2011-09-01 / Front Page

Unemployment Stagnant For County

Fulton’s July ranking is #64 out of 67 counties
By Jean Snyder

Fulton County’s labor force statistics for July remained largely unchanged from June, although the county’s unemployment rate decreased by two-tenths of a percentage point. The small decrease still kept the county’s ranking at 64 (out of 67 counties), unchanged from June and the fourth-fromhighest unemployment rate in the state. The county had held the 66th ranking for the most part of two years and has never dropped below the 64th position during that time. Only Carbon, Philadelphia and Cameron counties had a higher unemployment rate in July.

Fulton County posted a 10.1 percent unemployment rate for July, down from 10.3 percent in June, according to preliminary figures released by the Department of Labor and Industry this week. Fulton’s unemployment rate for July 2010 was 11.6 percent.

The number employed dropped from 6,900 in June to 6,800 in July, while the labor force (7,600) and the number of unemployed (800) remained unchanged. Pennsylvania’s seasonally adjusted unemployment rate was 7.6 percent in June, up from 7.4 percent in May.

Pennsylvania’s seasonally adjusted unemployment rate was 7.8 percent in July, up from 7.6 percent in June. Pennsylvania’s unemployment rate was below the U.S. rate of 9.1 percent in July, and has been below the U.S. rate for 39 consecutive months, and at or below the U.S. rate for 57 consecutive months.

Pennsylvania’s July unemployment rate was down 0.8 percentage points from July 2010.

Pennsylvania’s seasonally adjusted civilian labor force – the number of people working or looking for work – was down 24,000 in July to 6,303,000. Resi- dent employment fell by 39,000 to 5,809,000, while the number of unemployed residents was up 15,000 to 494,000. Pennsylvania’s labor force was 24,000 below its July 2010 level.

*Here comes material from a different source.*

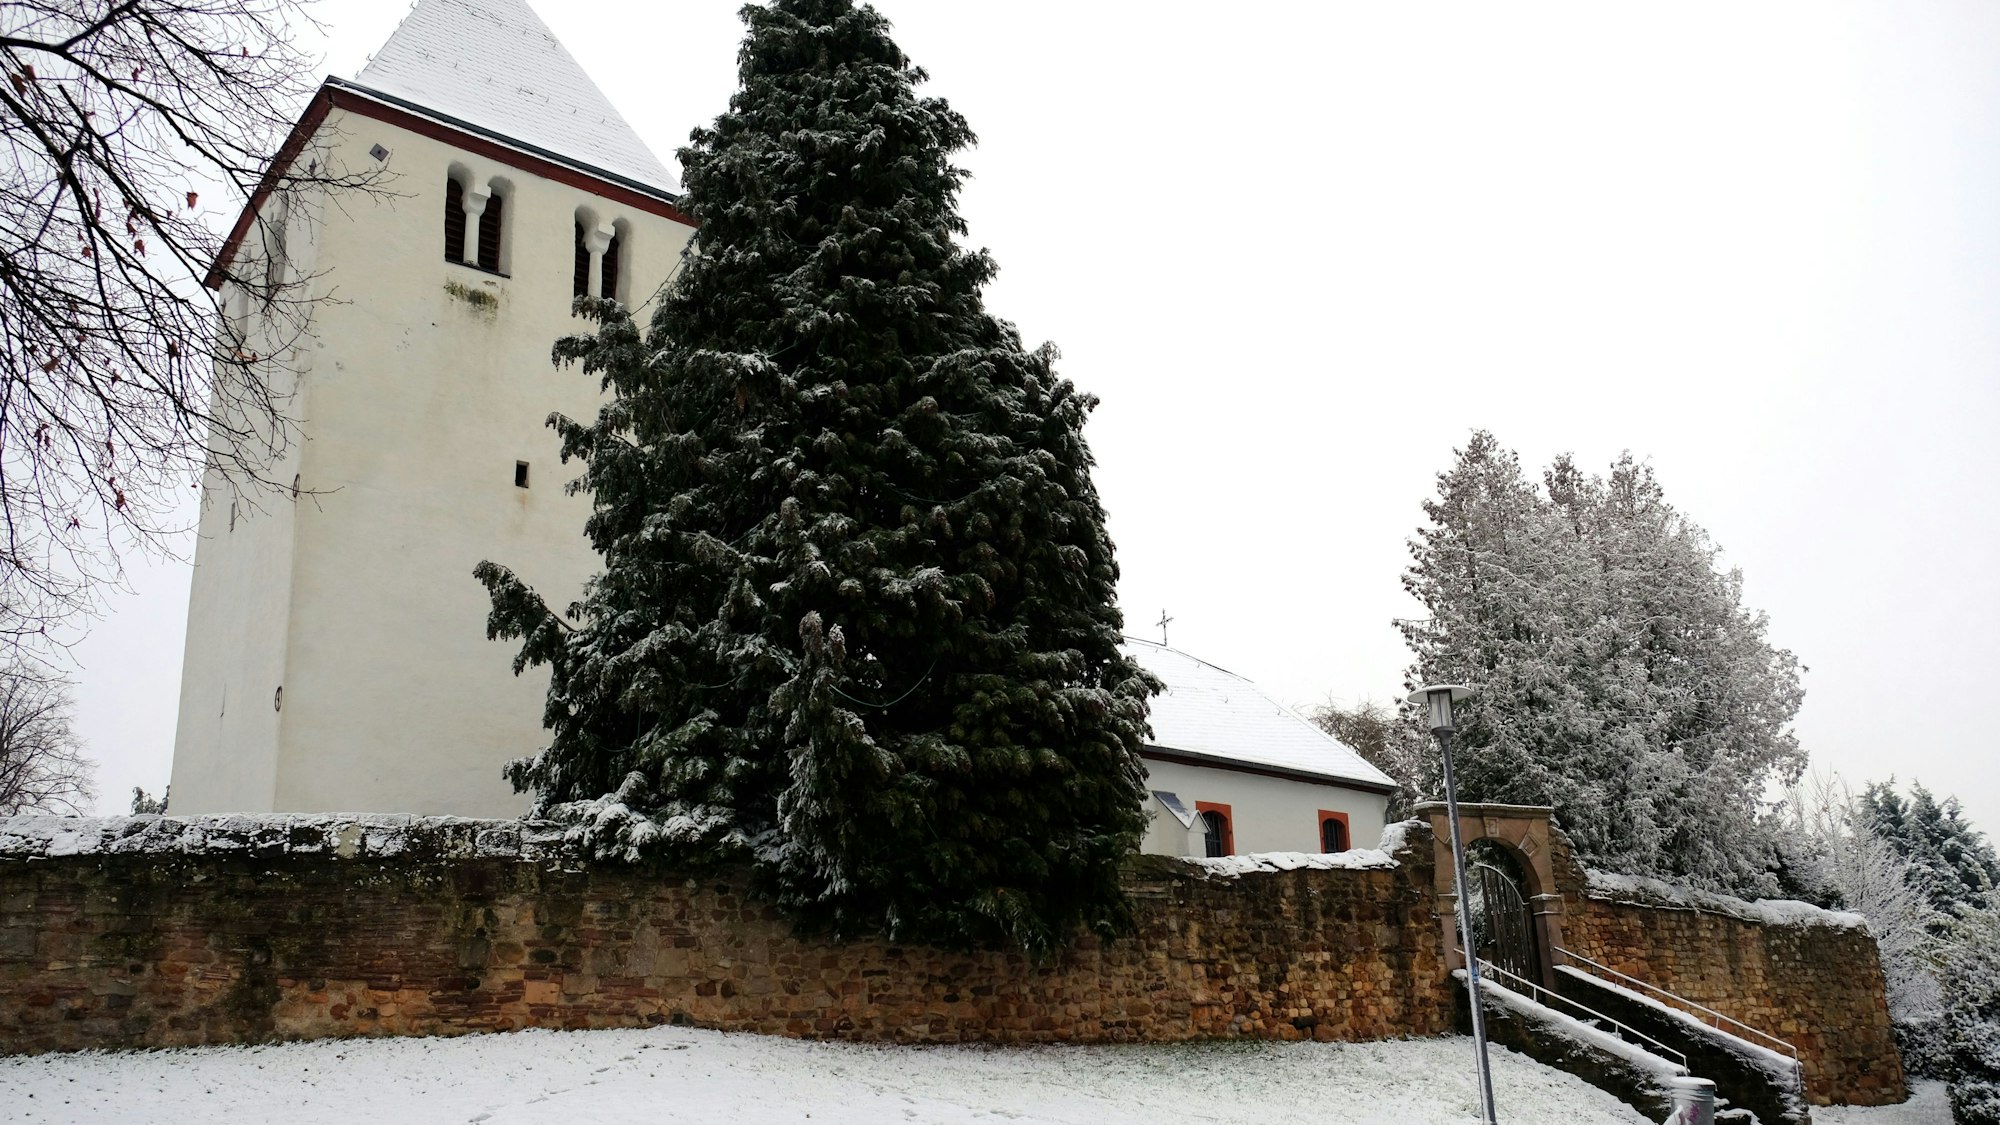 Zwischen verschneiten Bäumen und hinter einer alten Mauer ist die Alte Kirche Mechernich zu sehen.

Rankings for Fulton’s neighboring counties include Franklin at number 13 (up from number 11 in June), with an unemployment rate of 7.0 percent, up from June’s rate of 6.9.

Bedford’s ranking for July was number 63, with a 10.0 percent rate. It is unchanged from July’s rate of 10.0 percent, with a number 62 ranking then.

Huntingdon County was ranked number 61 in July, with a 9.9 percent unemployment rate. The county posted a 9.7 percent rate in June, but was still ranked number 61 then.

Centre and Bradford counties were ranked numbers 1 and 2, respectively, again in July, with jobless rates of 6.1 and 6.2 percent. Their June jobless rates were 5.8 and 6.0, respectively.

Seasonally adjusted total nonfarm jobs in Pennsylvania were up 8,700 in July to 5,693,200. Goods-producing and serviceproviding industries added jobs from June. Goods-producing industries were up 1,900 jobs due to increases in all three of its supersectors. Mining & Logging jobs were up 300 to a record high of 31,600. Service-providing industries were up 6,800 jobs in July to 4,868,600. Five of the eight service-providing supersectors added jobs from June. The largest increase was in Education & Health Services, with Educational Services accounting for the gain. Government showed the largest decline of any supersector, down 3,800 due entirely to Local Government.

Pennsylvania’s nonfarm job count was up 70,500 (1.3 percent) from July 2010; nationally nonfarm jobs were up 1.3 million (1.0 percent) from last July.